Introduction

Sex estimation of skeletal material is one of the most fundamental tasks of forensic and physical anthropologists. Despite the revolutionary advancements in DNA methods in forensic science in recent years, the morphological methods used for estimating sex have retained their relevancy because of a number of reasons such as degradation of DNA under different forensic circumstances (e.g., fires) [1].

Various methods for sex estimation, based on different parts of the skeleton, have been reported [212]. Some of these methods rely on morphological features (descriptive), whereas others are based on measurements. The metric methods have a major advantage over the descriptive ones, since they are less dependent on the judgment of the observer [13]. A relatively new method, i.e., geometric morphometrics, has been applied for sex estimation to overcome the disadvantages of the morphologic method [1417]. Although this method yields good results [16, 18], it requires both special equipment and a specialized researcher. Therefore, it is not applicable for most forensic and physical anthropologists.

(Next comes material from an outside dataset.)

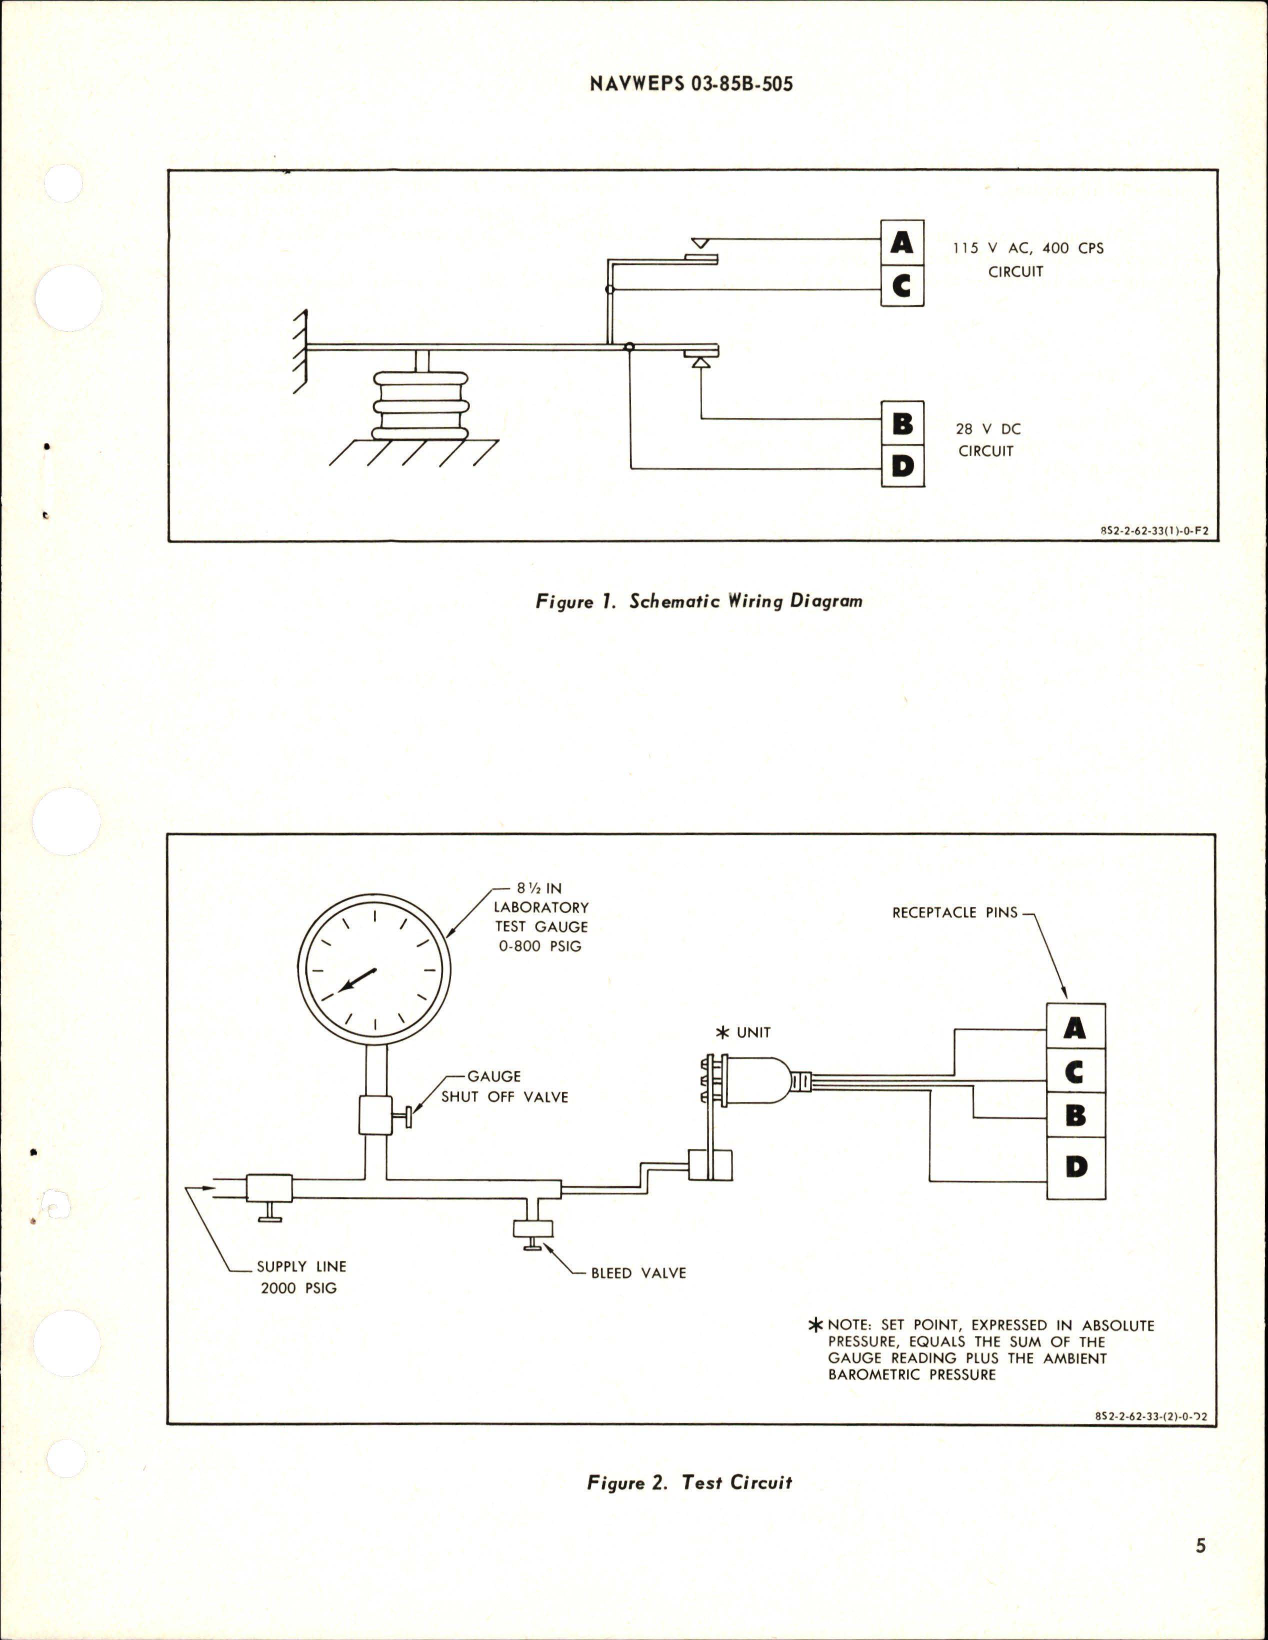 Sample page 5 from AirCorps Library document: Overhaul Instructions with Parts for AB Ignition Fluid Pressure Switch Assembly - Specification 336C155P1 - Part CG12166
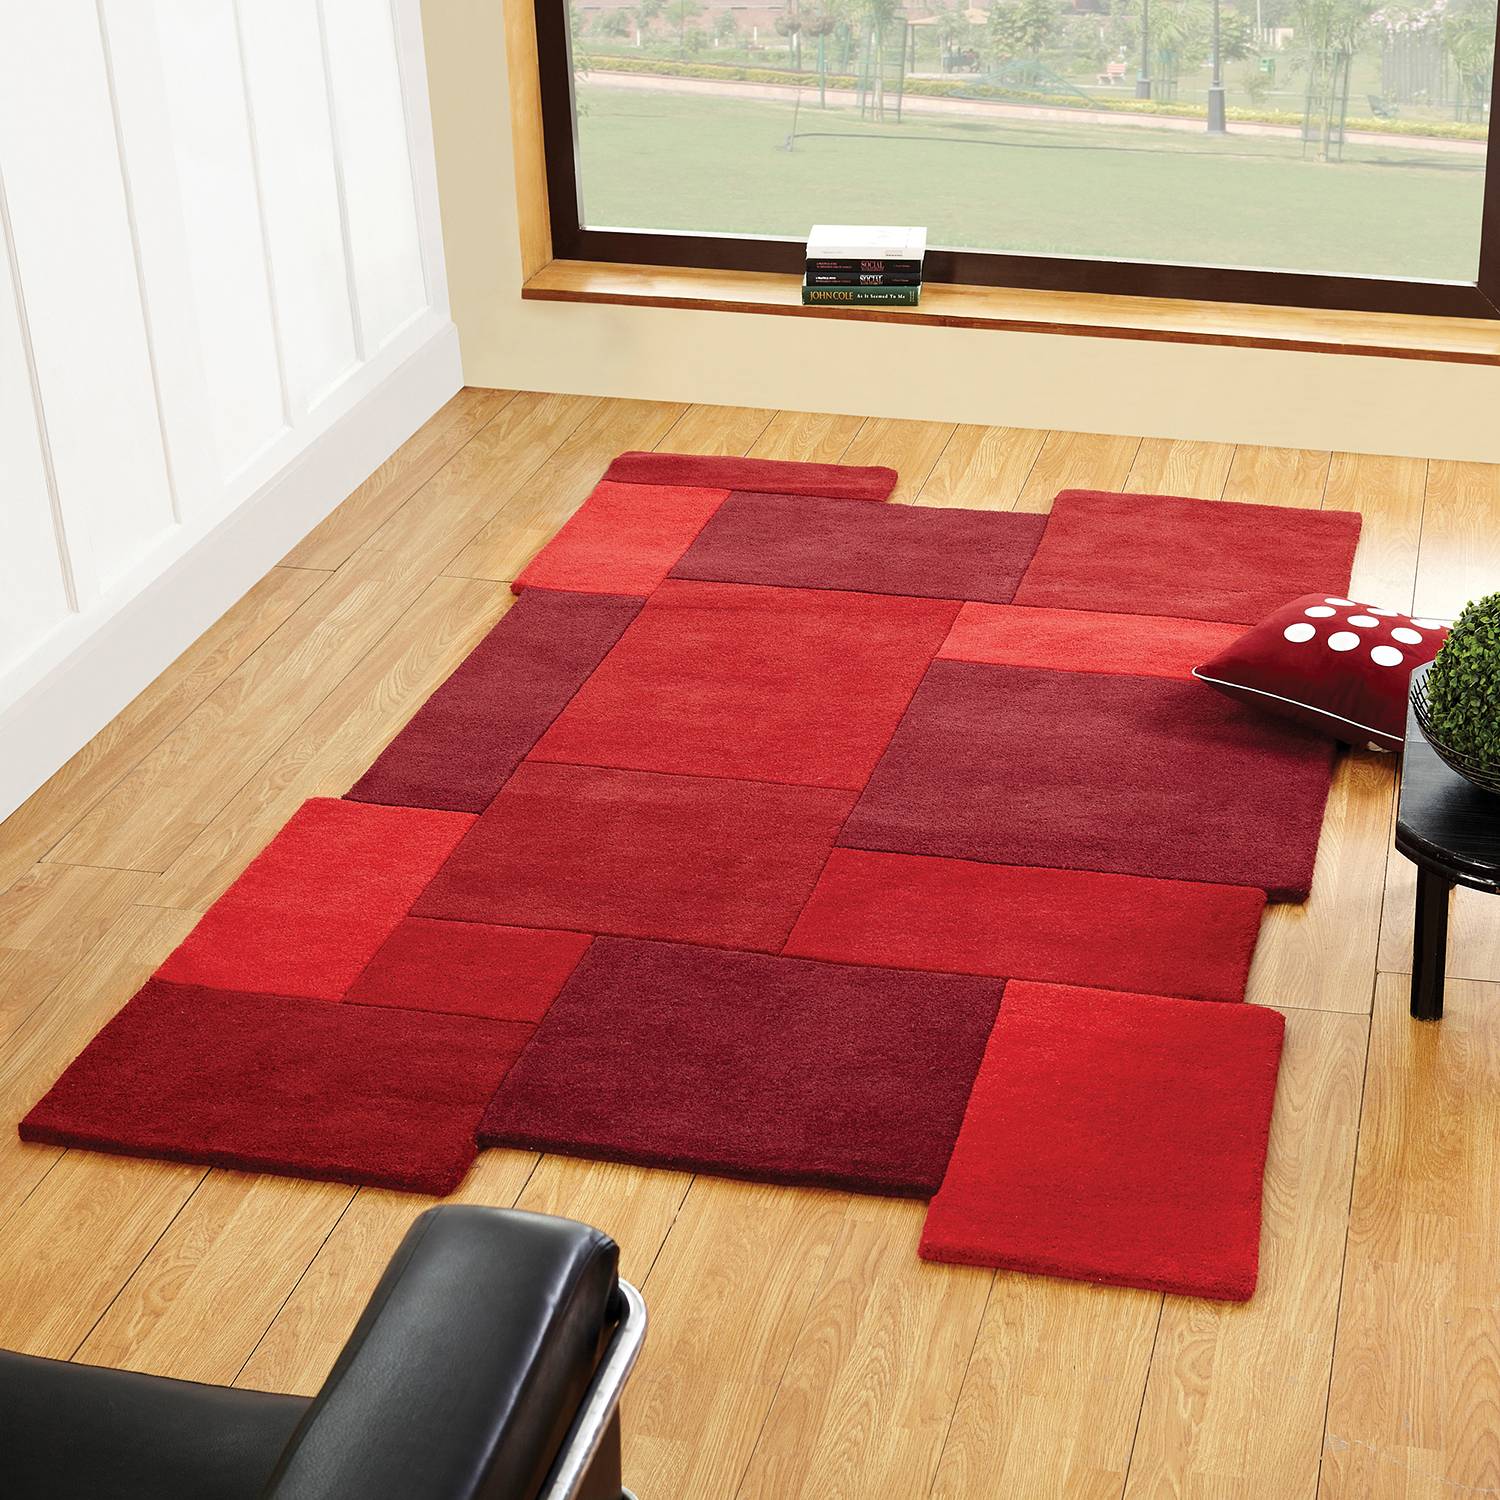 Image of Tapis en laine Collage 000000001000229978

Mandibles are both sexually dimorphic and durable (i.e., recovered intact or in an adequate condition) and are thus good candidates for sex estimation of unknown individuals [7, 15, 1921]. Some studies have used metric characteristics of mandibles to create discriminant functions for sex identification [15, 19, 22]. These studies focused on standard measurements of the mandible such as mandibular angle, bicondylar and bigonial breadths, ramus height, and symphysis height. Other studies used descriptive methods, e.g., flexure of the ramus, shape of the chin, and gonial flaring [6, 2326]. These methods, based either on continuous or discrete variables, suffer from various deficiencies; to wit, the variables for sex estimation were either arbitrarily selected or statistically picked from a small pool of measurements; the selected metric variables were limited by the available measuring tools (e.g., caliper); most methods were not cross-validated and did not respond to forensic needs (e.g., often only a fragment of the mandible is available); and they were constructed on samples derived from homogeneous populations. With regard to the latter, nowadays, most societies have become more heterogeneous owing to the increase in human mobility between countries and continents [27].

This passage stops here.